→ **Supplied information**:
★ ★ ★
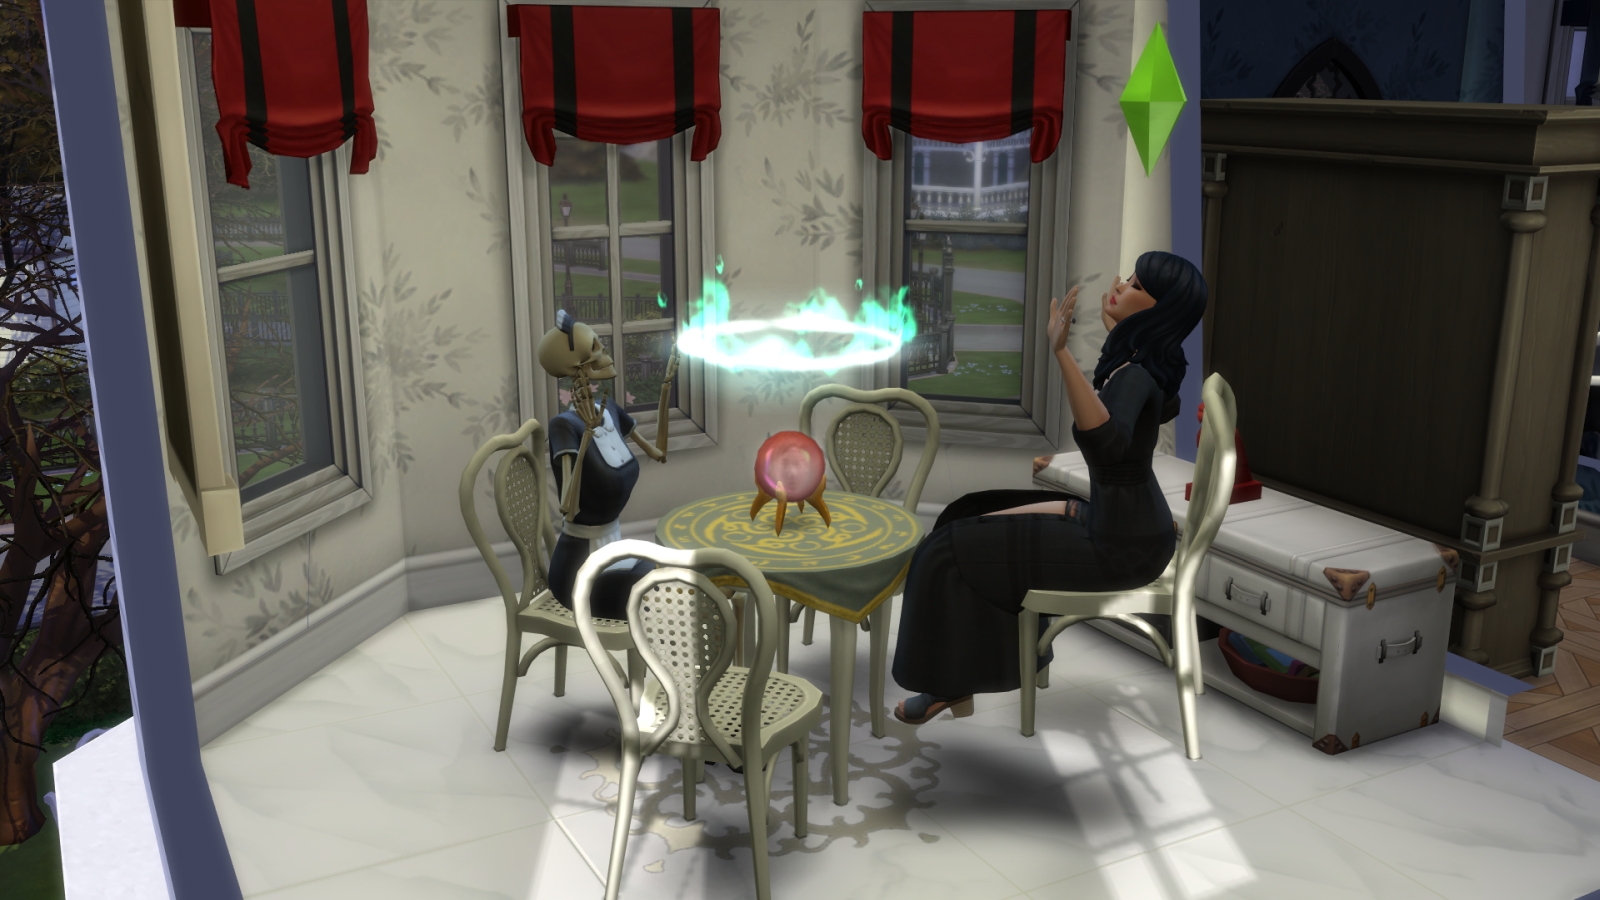 the sims 4 spooky hokidqy stufd pack review
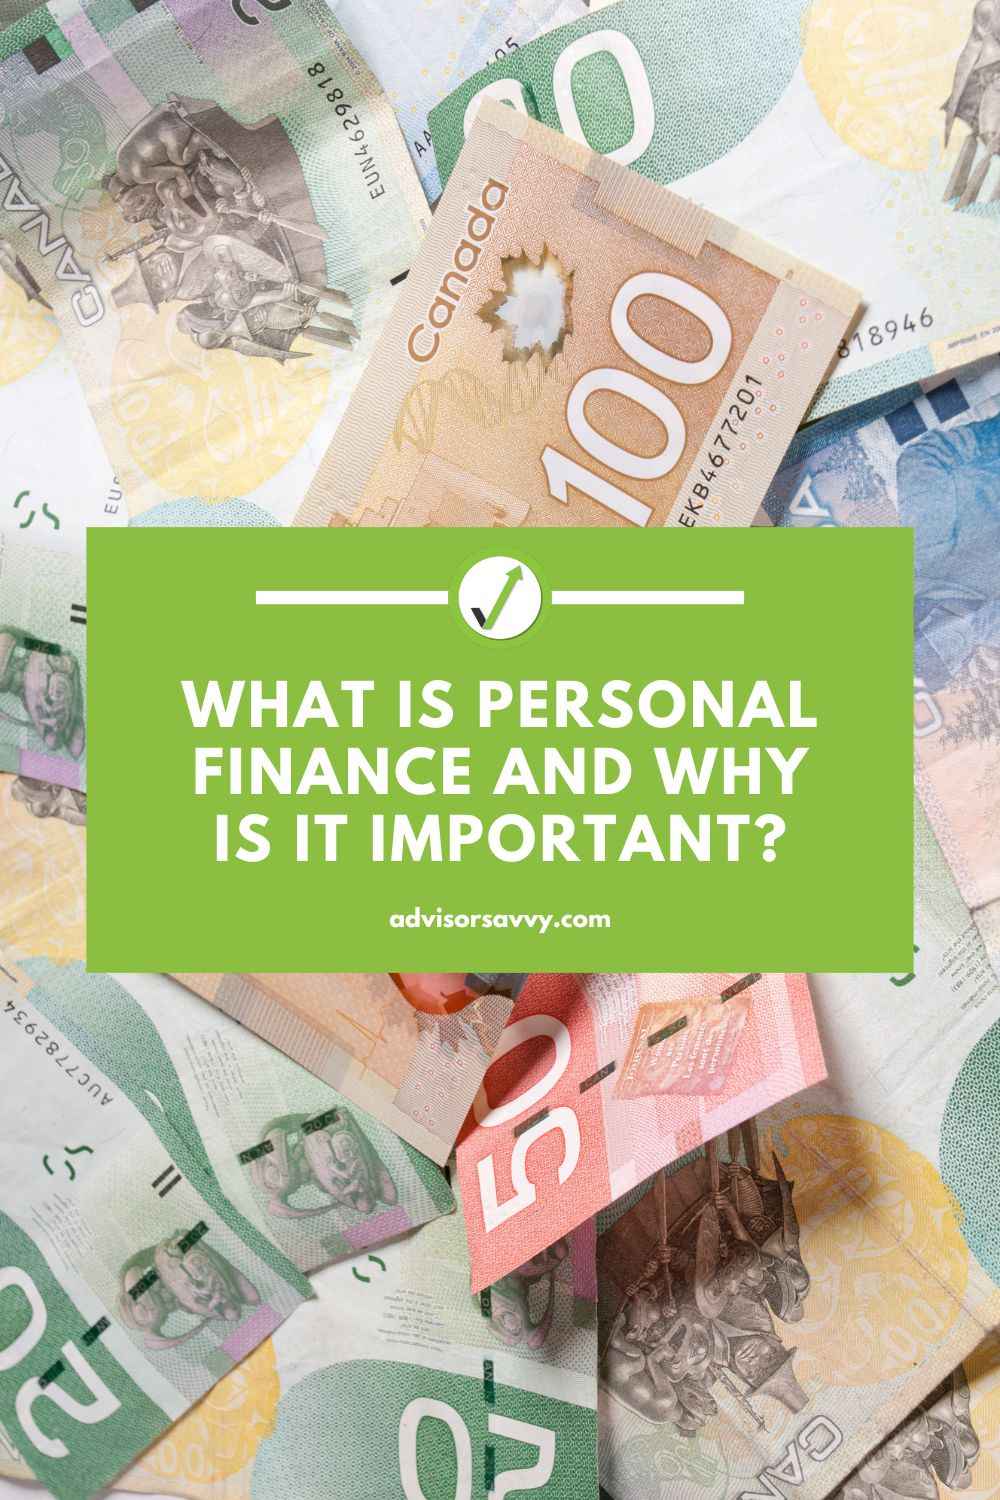 why is personal finance important essay
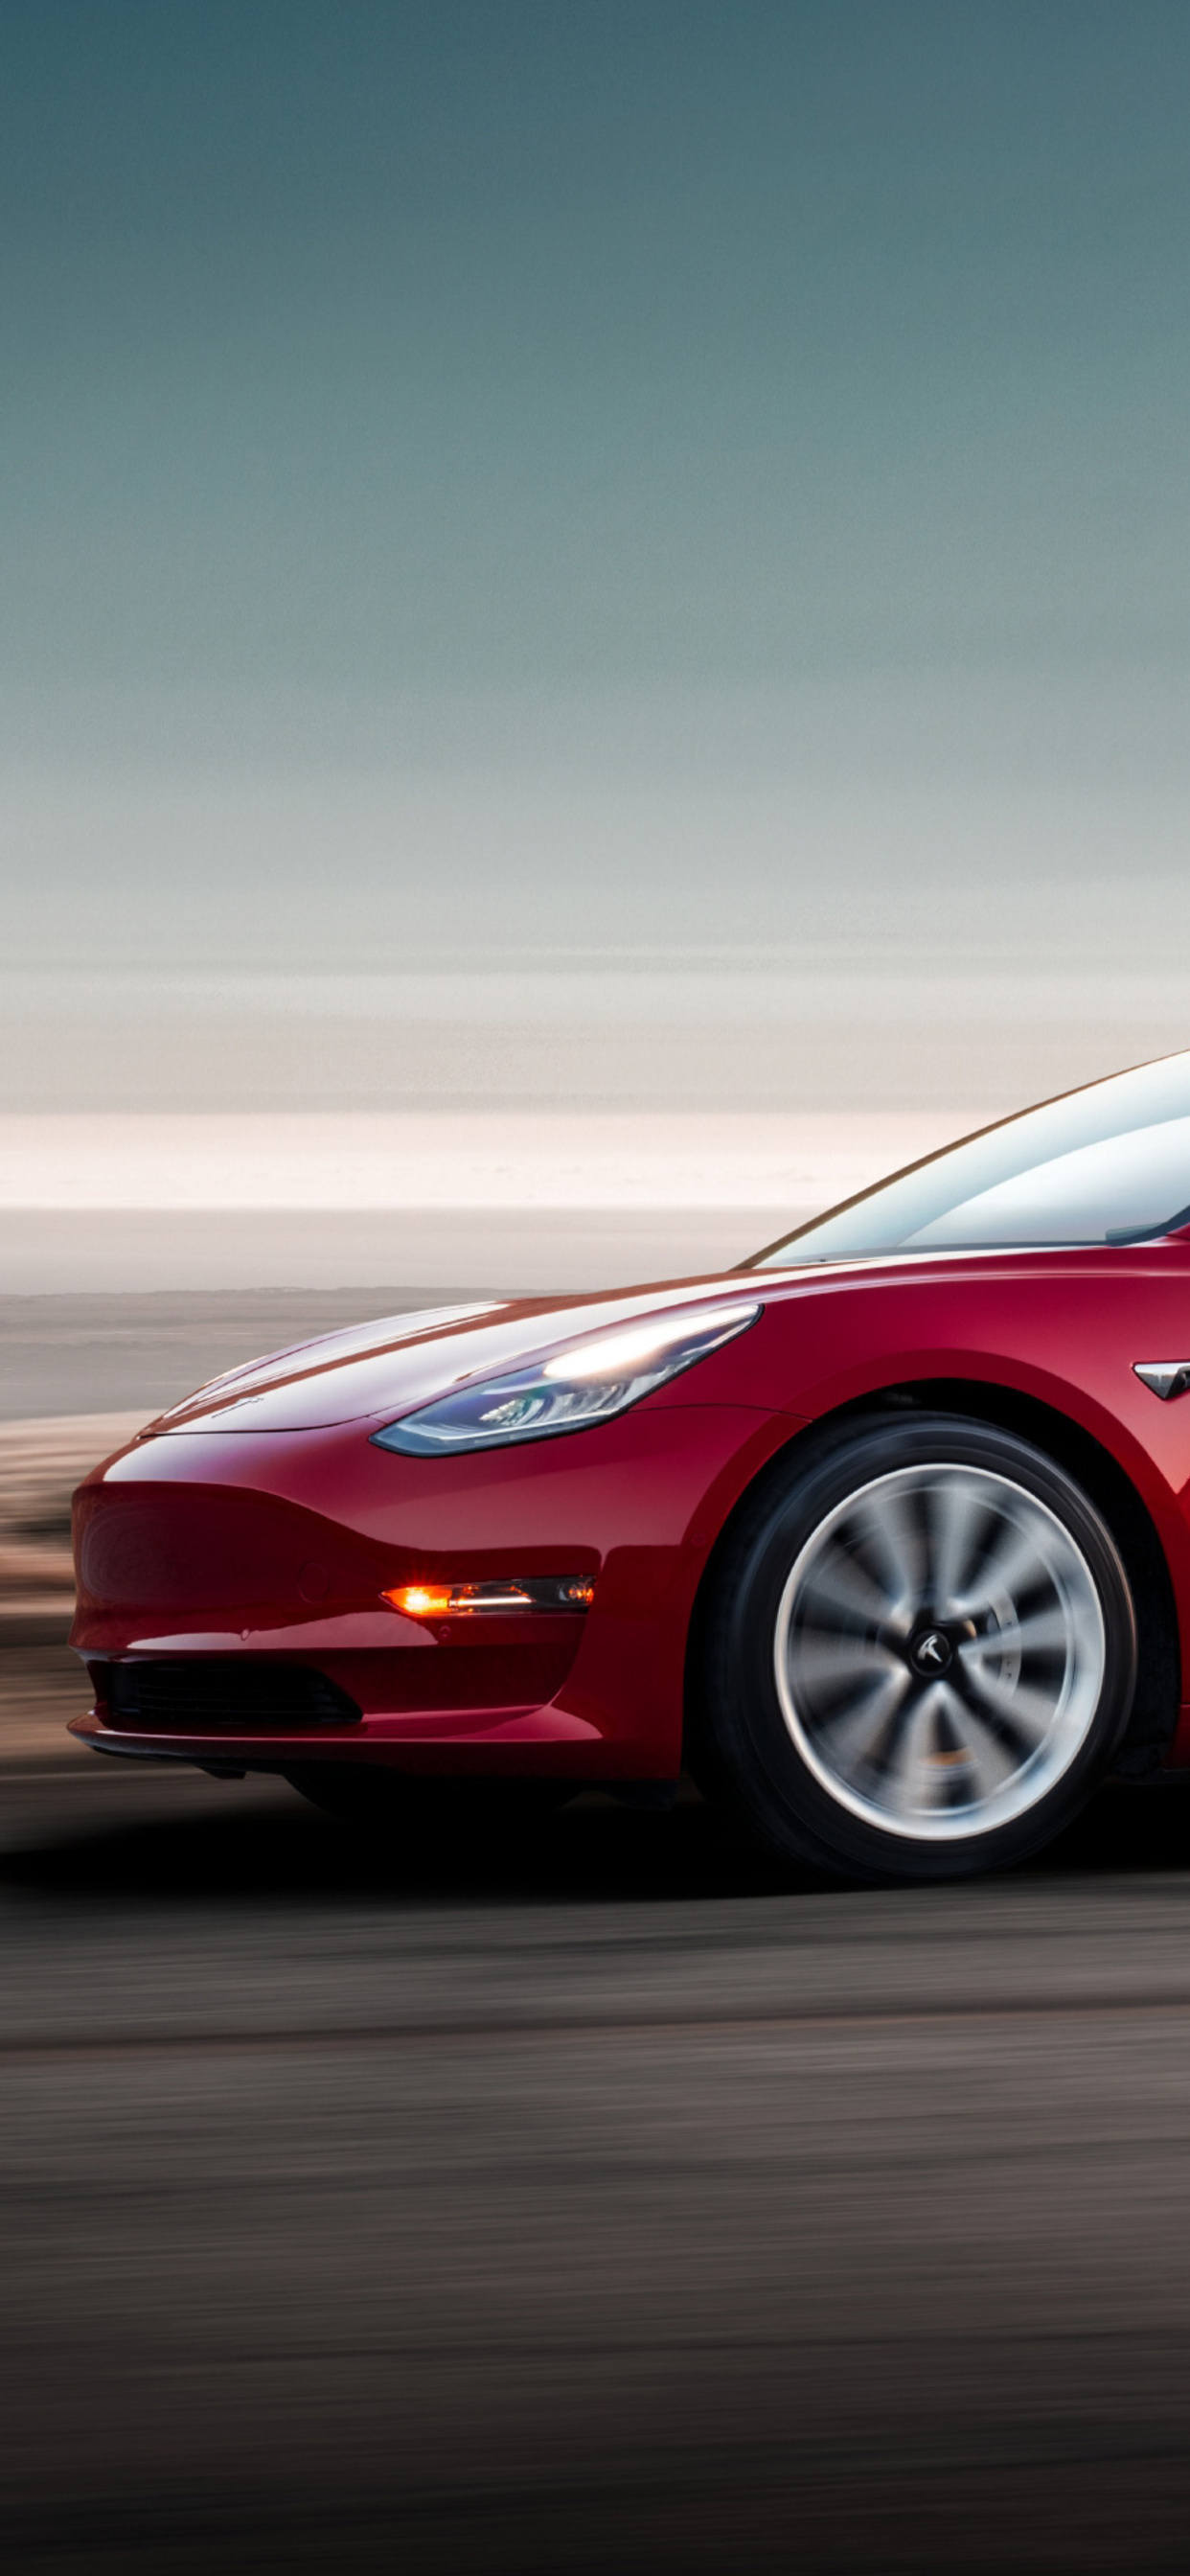 1242x2688 2018 Tesla Model 3 Iphone Xs Max Hd 4k Wallpapers Images
★ ★ ★
Restate word for word the lines from the one containing "why is personal finance important essay" through the end of the material above, both included, and nothing besides; drop the pictures.

→ **Your response**:
 why is personal finance important essay
 1242x2688 2018 Tesla Model 3 Iphone Xs Max Hd 4k Wallpapers Images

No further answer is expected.